Majesteleri, 2009'da Şöhretler Müzesi konuşmasını yaptığında internet her eve girmişti ama karşısında eski dostları duruyordu. O tarihte 1997-98 sezonunun görüntülerinin bir belgesele dönüştürülmesine onay vermesine gerek yoktu. Kobe Bryant tahtını sallamıştı ama Jordan'ın anılardaki yeri biricikliğini korumasını sağlamıştı. Yedi sene sonra Majesteleri, belgesele yeşil ışık yaktığında ise dünya artık farklı bir yerdi. Sosyal medya, freni patlayan bir kamyon gibi bütün iletişim kanallarını ezip geçmişti ve belirsiz, puslu ama ne olursa olsun, hızlı akan bir atmosfer yaratmıştı. Akıllı telefonlar, kitleleri sürekli uyarılmaya maruz bırakıyordu ve hafızalar her gün yeni baştan sıfırlanıyordu.

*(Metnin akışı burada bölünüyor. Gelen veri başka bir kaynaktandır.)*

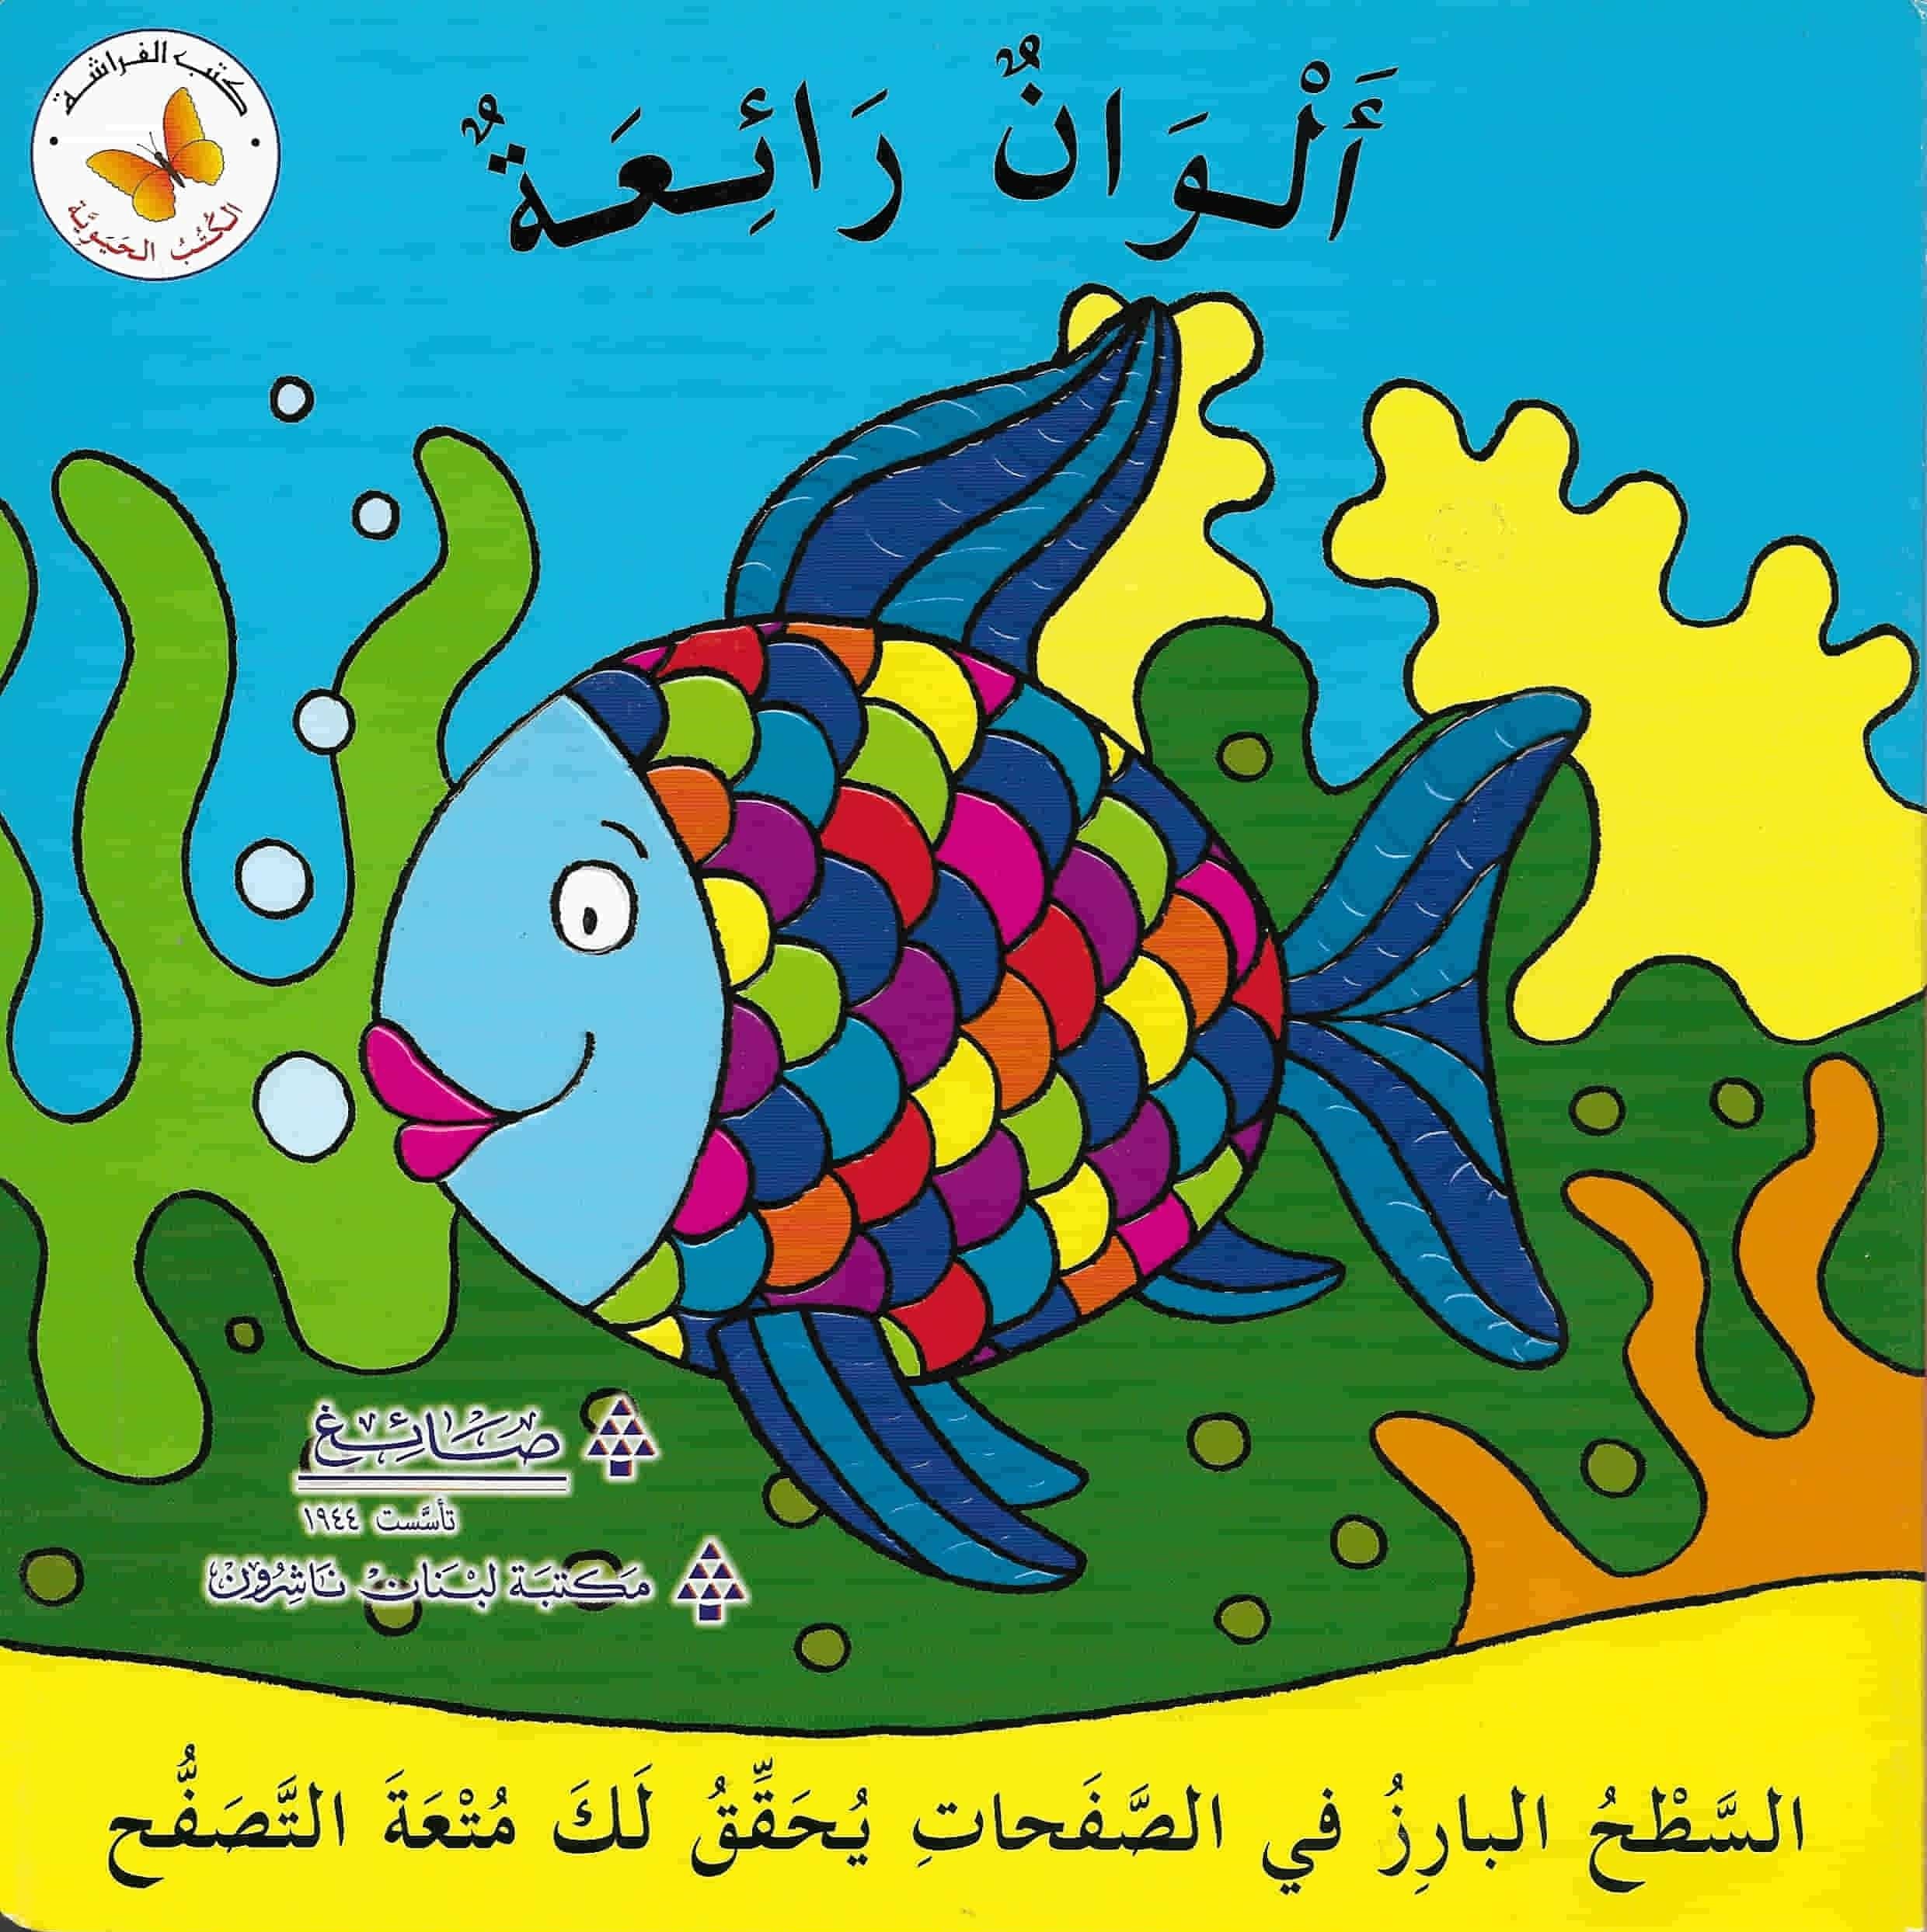 سلسلة الكتب الحيوية كتب أطفال مكتبة لبنان ناشرون ألوان رائعة

73 galibiyet alan ve 1996-97 Bulls ile sık sık karşılaştırılan Golden State Warriors ile LeBron liderliğindeki Cleveland Cavaliers'ı karşı karşıya getiren 2016 NBA Finali, ilginç bir kırılma noktasıydı. Cavs, 3-1'den geri gelip yüzüğe uzanırken reyting avcısı televizyon kanalları da meşhur tartışmadan bıkmıyordu: "MJ mi LBJ mi?" Jordan, belki bütün bunlara kızdığı ve Joe Montana olmak istemediği için belgesele onay vermişti, belki de her şey kocaman bir tesadüften ibaretti.

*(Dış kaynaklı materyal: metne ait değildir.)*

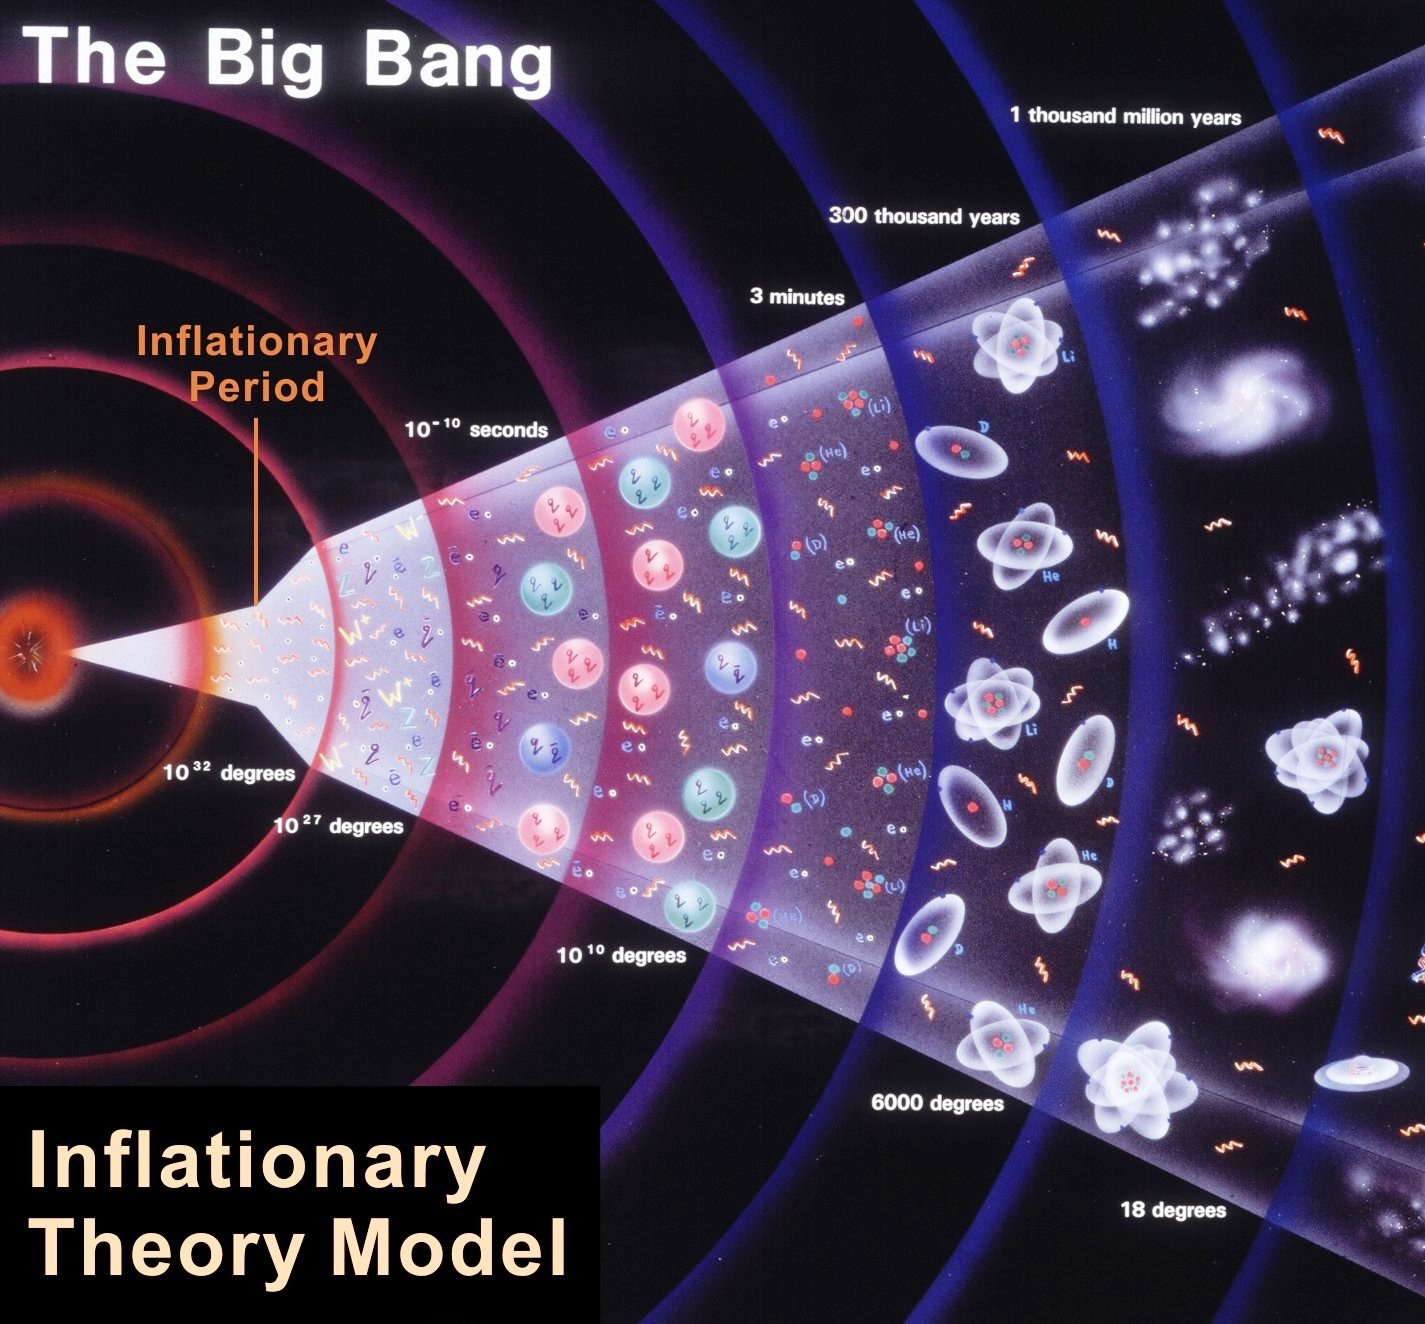 L'histoire du cosmos, de l'ère de Planck à nos jours. Peu après le temps de Planck, l'espace aurait subi pendant une infime fraction de seconde une période d'expansion exponentiellement accélérée :&nbsp;la phase inflationnaire (inflationary period) de&nbsp;la théorie de l'inflation. C'est à la fin de cette phase que la matière de l'univers observable serait née. L'inflation a peut-être été causée 10-35 seconde après le Big Bang par des analogues du champ de Brout-Englert-Higgs du modèle électrofaible. Vers 10-11 s, une petite phase d'inflation s'est probablement produite au moment où le mécanisme de Brout-Englert-Higgs a donné des masses aux bosons W et Z. La transition de phase électrofaible aurait laissé des traces sous la forme d'un fond de rayonnement gravitationnel fossile qui sera&nbsp;peut-être mesurable dans quelques décennies. © Cern

Ama ne olursa olsun, artık dünyanın değiştiğini kabul ediyordu ve bir kez daha ortaya çıkmaya ihtiyacı vardı. Bu kez en başından kendini göstermesi gerekecekti, otuz dakikalık bir konuşma veya tatlı bir #tbt yeterli değildi. Michael Jordan, bir sosyal medya kıyasından veya 'Crying Jordan Meme'inden fazlası olduğunu hatırlatmak niyetindeydi. The Last Dance, zamanlaması itibarıyla, başka bir his de doğurdu. Belgesel, insanların geleceğe dair belirsizlikler içinde eve kapandığı, günlüklerini açtığı, eski fotoğraflarını karıştırdığı, favori sporcularını listelediği veya bir anda gece yarısı TRT'deki 1998 Dünya Kupası maçlarına takıldığı zamanlarda farklı bir deneyim sundu. Boşlukta hisseden milyonlar, ekran karşısına geçti ve Bulls'un son dansı dışındaki her şeyi unuttu. O noktada artık Jordan'ın insani yönü, takım arkadaşlarına tavrı, acımasızlığı önemli değildi. Eski günler hiçbir zaman düşündüğümüz kadar saf ve güzel değildi ama Michael Jordan, purosu ve içkisiyle doksanlar üzerine konuşurken her şey masalsı geliyordu. O an izlediklerimiz de yaşadıklarımız da gerçek gibi durmuyordu.